[[ SUPPLIED MATERIAL open ]]

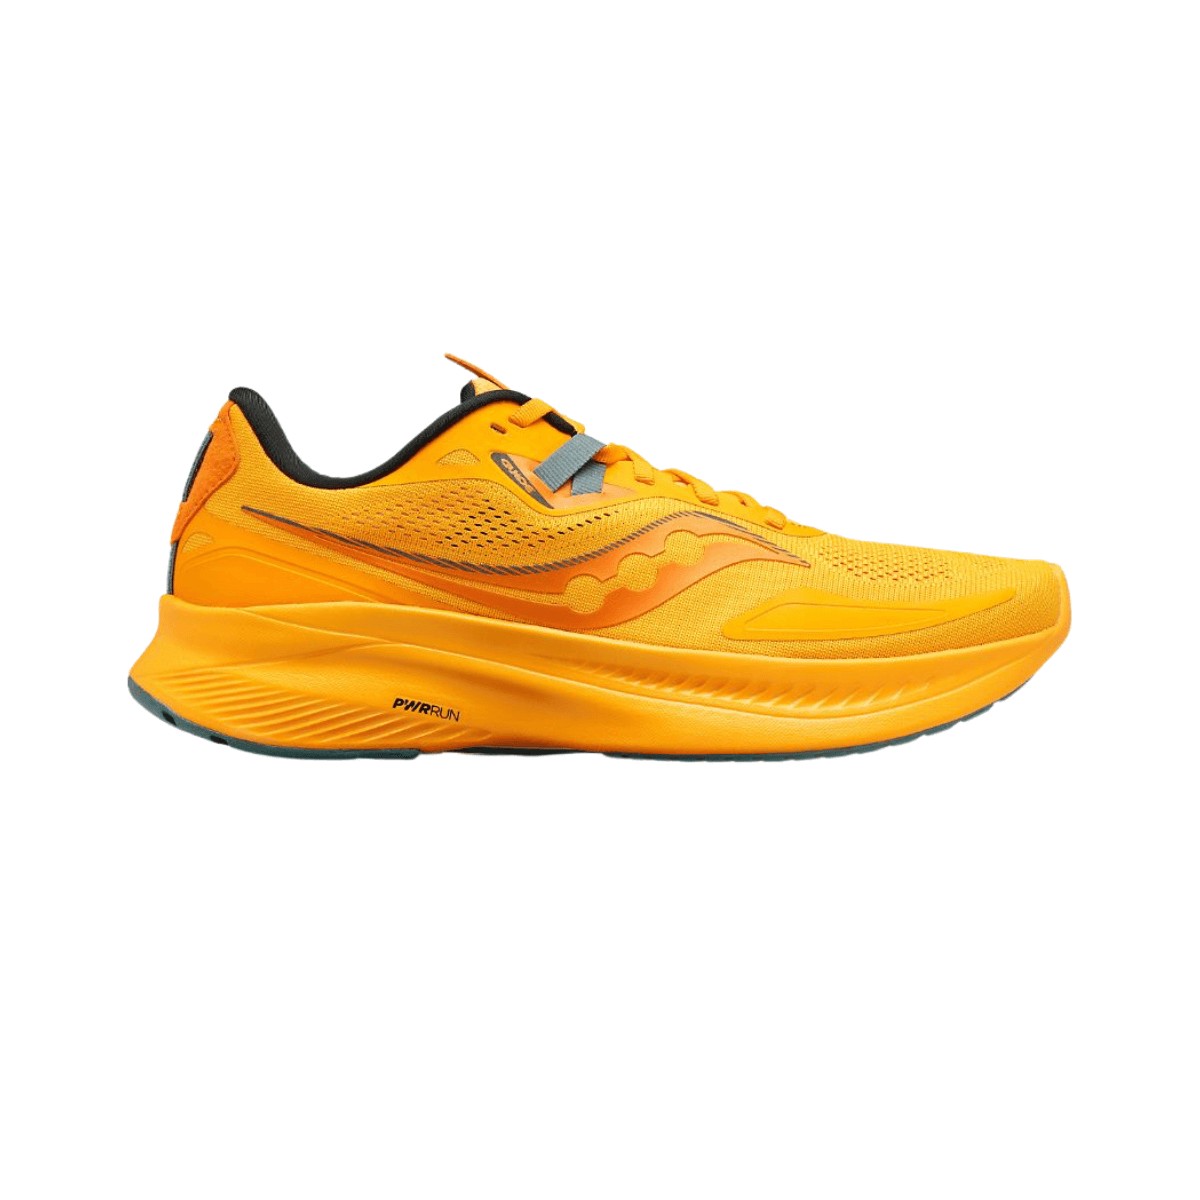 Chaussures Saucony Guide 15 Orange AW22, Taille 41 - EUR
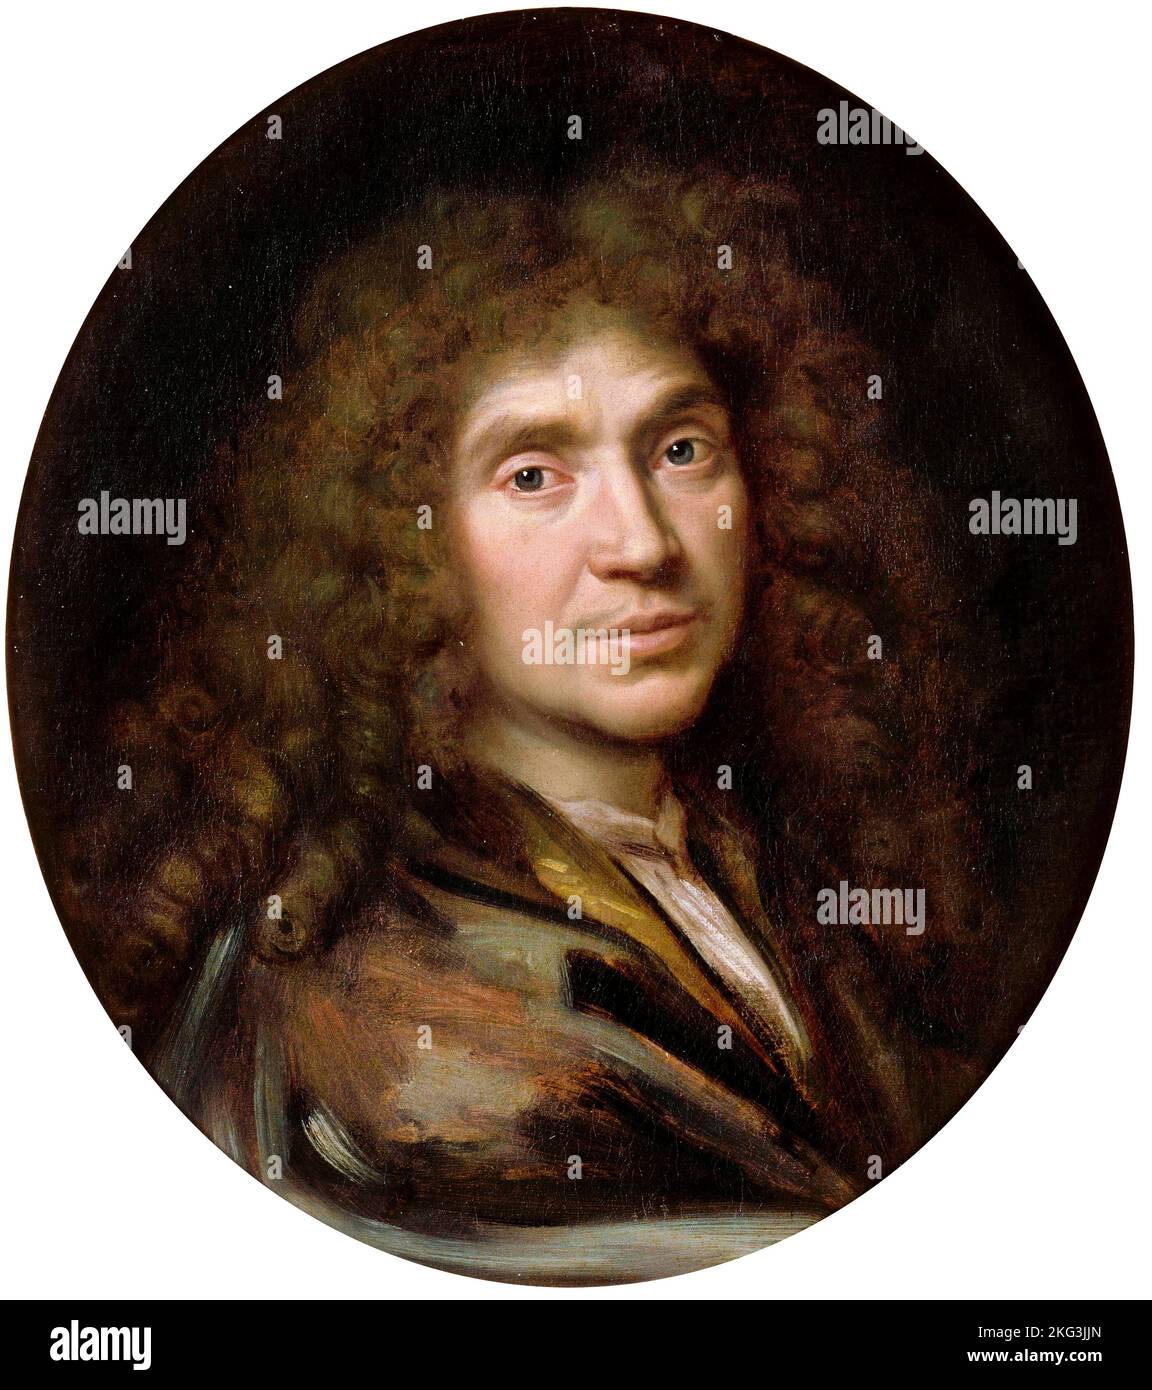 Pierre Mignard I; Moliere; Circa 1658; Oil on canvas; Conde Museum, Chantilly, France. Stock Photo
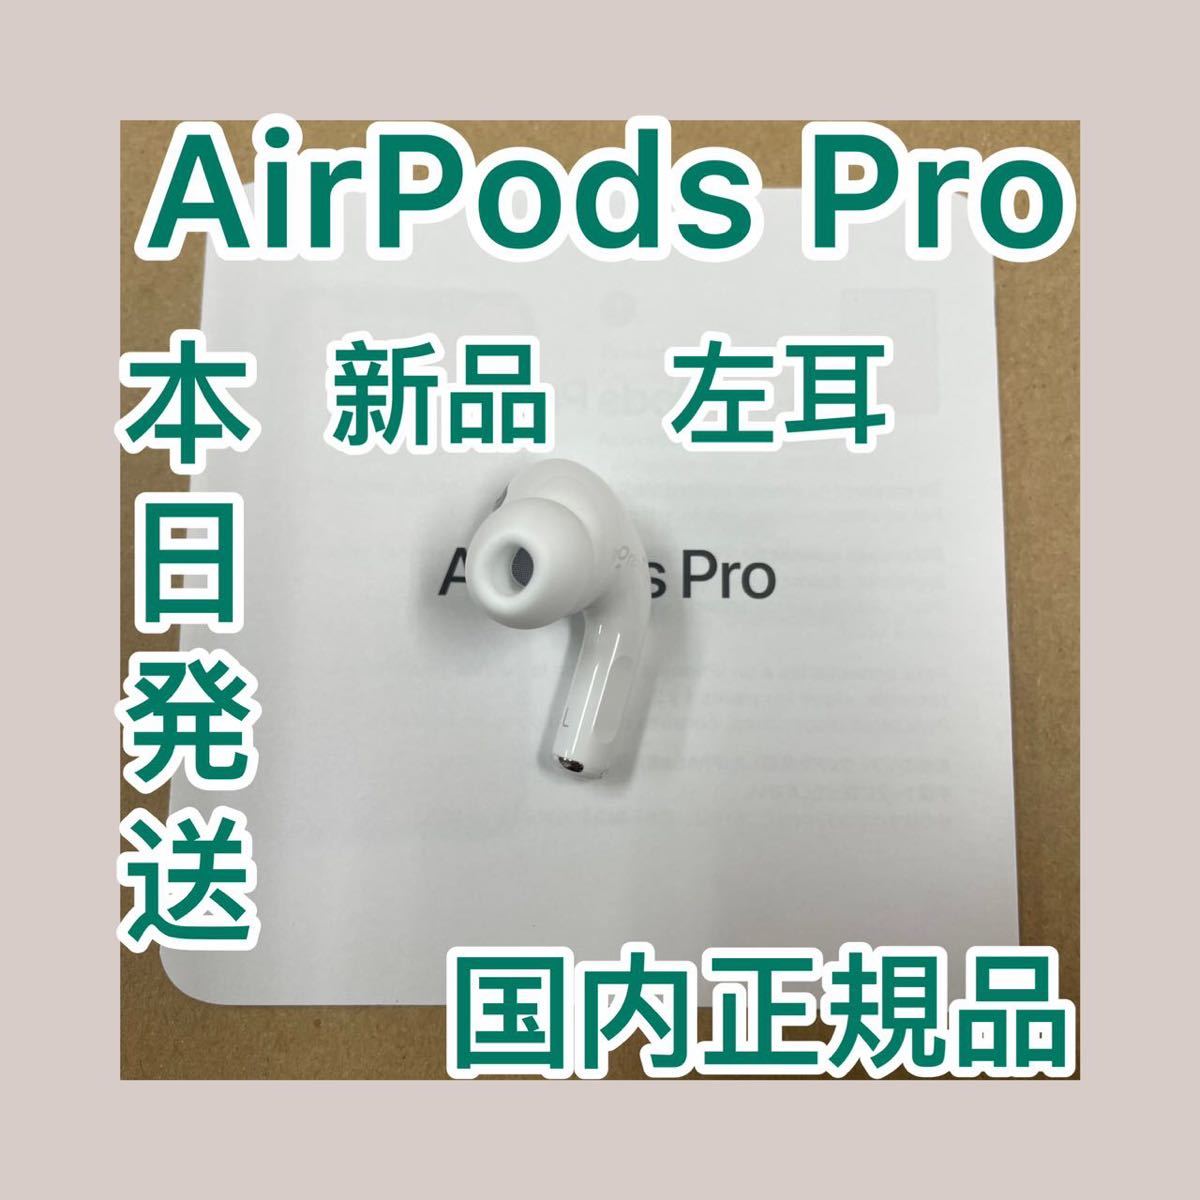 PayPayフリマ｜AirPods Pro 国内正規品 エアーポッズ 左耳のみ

[[ SUPPLIED MATERIAL closed ]]

• WHAT IS EXPECTED
Return the data verbatim, leaving out the pictures it holds.

• ANSWER FOR THE TASK
 Chaussures Saucony Guide 15 Orange AW22, Taille 41 - EUR
 Pierre Mignard I; Moliere; Circa 1658; Oil on canvas; Conde Museum, Chantilly, France. Stock Photo
 PayPayフリマ｜AirPods Pro 国内正規品 エアーポッズ 左耳のみ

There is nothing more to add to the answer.